帰る準備をして急いで家に帰っても家に着く頃には十時二十分は過ぎていた。
小白はもう寝ているので真広はいつも静かに靴を脱ぎ、ドアを閉める。居間では風呂から上がったすっぴんの妹が眼鏡をかけて図書館のバーコードが付いた本を読んでいた。
「ただいま」
「おかえりなさい」真理恵は本を読んだまま応えた。「お風呂が冷める前に入ってください。できるだけ追い炊きは押さないように」
「うん。分かってるよ」
真広は鞄を椅子の上に置き、ヤカンから麦茶をコップに注ぐと空いている椅子に座った。
「その、正社員のテストを受けられるみたいなんだ」
真理恵は驚いて本から兄へと目線を動かした。
「それはおめでとうございます。よかったわね」
「ああ。うん。これでボーナスも出る。まだ受かってないからこれからだけど」真広はおずおずと尋ねた。「それでその、SPIって分かるかい?」
「参考書を持ってますよ。私の部屋にあるんで使うならどうぞ。ああでも古いから新しいのを買った方がいいかもしれませんね。まあでも、本当によかったですね」
「うん。頑張るよ」
真広の報告が終わると真理恵はパンを閉じて眼鏡を外した。
「それでその、あの話なんですけど……」
「あの話?」
真理恵は母親の部屋を見て「あの子の」と付け加えた。
「ああ」真広は頷いた。「養子の」
真理恵は少し緊張して「ええ」と頷いた。
「その、今日はあの子と公園に行ったんです。ほら、昔よく遊んだ砂場の大きい」
「ああ。うん。行ったね。楽しんでたかい?」
「多分。友達もできたみたいです。男の子の。その子が連れて行ってくれたんです。坂の上にある屋敷に。そこは子供を預かってる……というか、なんて言えばいいんでしょう。その、リビングを開放してるみたいなんです。子供なら誰でも来ていいってところで」
「へえ。そんな家があるのか。知らなかったな」
「ええ。それで、あの子はそこを気に入っているみたいなんです。だからその、預けるというわけではないですけど、一人で家にいるよりはマシだと思って」
「大人もいるのかい?」
「はい。私と同じくらいのお姉さんが」
「まあ、それならいいんじゃないか。信用できるなら、家だと寂しいだろうし」
「でも心配もあるんです。今日も迷子になったみたいで、しばらく戻ってこなかったんです。庭も広いですし、大きい子もいますから」
「そうだな……。でもそういう場所も子供には必要なのかもしれない。幼稚園とかも、立派な社会だ」
「……かもしれません。あなたはあの人と同じことを言うんですね。管理者になるなと」
「管理者?」
真理恵は真広に昼の出来事を話した。真広は小さく笑った。
「それはその、中々手強いお婆さんだな」
「ええ。まったく。言ってることのほとんどは分かりませんでした。でもその、分かったことはあります。つまりその、子供は自分とは違うってことは」
真広は静かに頷いた。
「そうだな。それはそうだ。それが普通なんだろう」
真理恵は溜息をついて頷いた。
「……ええ。でしょうね。私達はそれを知らないわけです。そういった普通を。そこまで見透かされているとしたら少し悔しいですけど」
真理恵は苦笑しながら顔をしかめた。だが笑みはすぐに固くなる。
「結局そうなんです。あの子は強い。だから残る問題は私なわけです。それは分かってますよ。だけど私の身にもなってくださいよ。結婚も出産も諦めたのに今更五才の子を育てろなんて。母親になれだなんて。ええ。分かってます。考えすぎだって。でも色々と見聞きするんですよ。本屋とかネットとかで。子供はこう育てろとか、親と一緒にいるべきだとか、母乳で育てろとか」
「母乳ってお前……」
真広は呆れて笑う。
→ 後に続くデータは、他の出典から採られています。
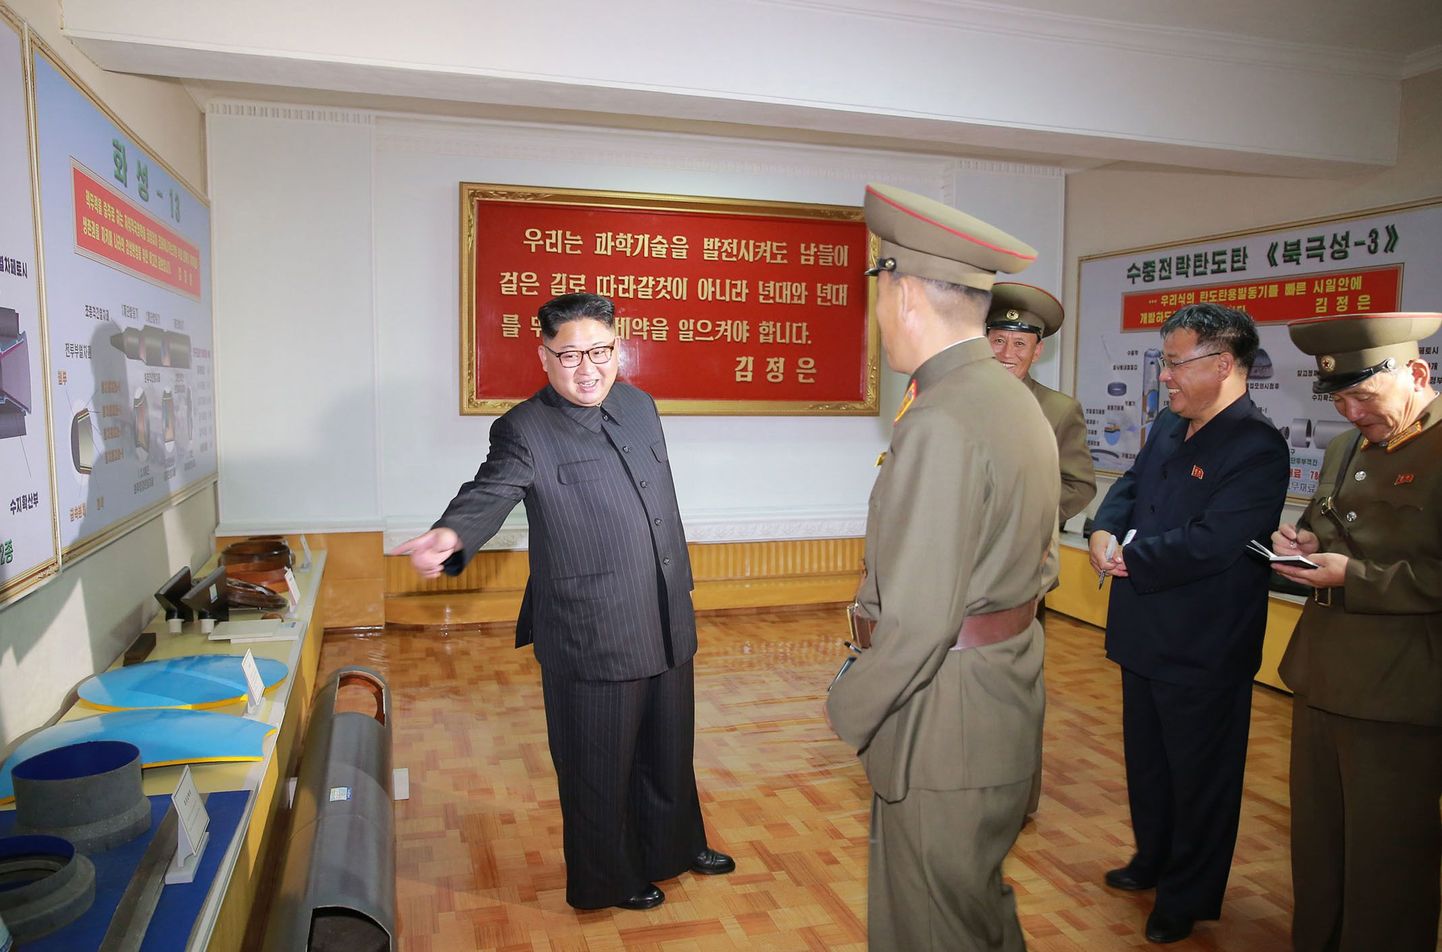 Kim Jong Un külastamas tahkel kütusel töötavate raketimootorite tehast. Kimist vasakul ja paremal on uute rakettide diagrammid.

真理恵は開き直ったように頷いた。
「ええ。そうですよ。馬鹿馬鹿しい。東大だとか医者だとか稼げる子供だとか、全部が全部馬鹿馬鹿しい。分かってます。だけど考えてしまうんです。大丈夫なのかって。……私達みたいなことにならないのかって」
少し沈黙が流れた後、真広は重々しく頷いた。
「そうだな……。まあ、分かるよ。僕らが普通にやれるか。人並みとは言えない僕らが、あの子を」
真理恵が泣きそうになりながら頷くと真広は続けた。
「だけど誰かがやらないといけない。あの子は誰かといるべきだ。あの子を助けてくれる大人と。そしてそれは僕らしかいない。ならやるしかないんだ。大体の問題は準備していない時にやってくる。けど準備ができてないとできないはちがう。だろう?」
「……かもしれません」
「そういうものだよ。やってみるしかない。そしたら多分、大抵の問題はなんとかなる」
真理恵は呆れながら溜息をつき、笑った。
「兄さんはいいですね。いつもそういう風に考えられて。私にはとても」
「仕方ないさ。そう考えるしかなかった。思うんだけど、世の中に不幸はない。全てなにかが起こっただけで、それを不幸にするのは自分だ。もちろんこれは理想論でイヤになることだってある。だけどそこから少しマシにすることはできるはずだ」
「できるでしょうか?」
「できるさ。それにできてる。できなきゃ今頃みんな首を吊ってるよ」
過激な冗談に真理恵は笑いながらも注意した。
「あの子の前でそういうことは言わないでくださいね」
「分かってるさ。これは、大人の問題だ」
真理恵は頷き、そして小さく息を吐いた。
その顔は先ほどまでとは違いすっきりしている。
「分かりました」
「なにを?」
「兄さんの案ですよ。できるかどうかは分かりませんけど、まあ、なんとかなるでしょう」
真理恵は吹っ切れたように笑った。
「もうあれこれと考えるのが馬鹿らしくなりました。耳のこともありますけど、あの子が悪いことはなに一つありませんからね。だけど伝えるのはもう少し先にしましょう」
「どうして?」
「あの子にも時間が必要です。急にこんな知らないおじさんとおばさんが親になるなんて言われてもついていけないでしょう。それにまだ伯父さんのことを気にしているみたいですし。そちらの問題も解決できるならしておいた方がいいですよ」
真広は少し残念そうに肯定した。
「それはまあ、そうかもしれないな……」
「そうですよ。あの子の人生はあの子のものですからね。それに私達だって解決しないといけない問題がたくさんあります。やるべきはまずそちらからでしょう」
「……厳しいな」
「それが人生です」
真理恵がそう言った後、二人の間に小さな沈黙が訪れ、そして互いに微笑した。
問題は解決しなかったが、二人とも前に進む覚悟はできたみたいだった。
もう夜の十一時になっている。それから真広は風呂に向かい、真理恵は参考書をテーブルの上に持ってきた。
真理恵が寝るために二階へと上がると居間は誰もおらず、しんとした。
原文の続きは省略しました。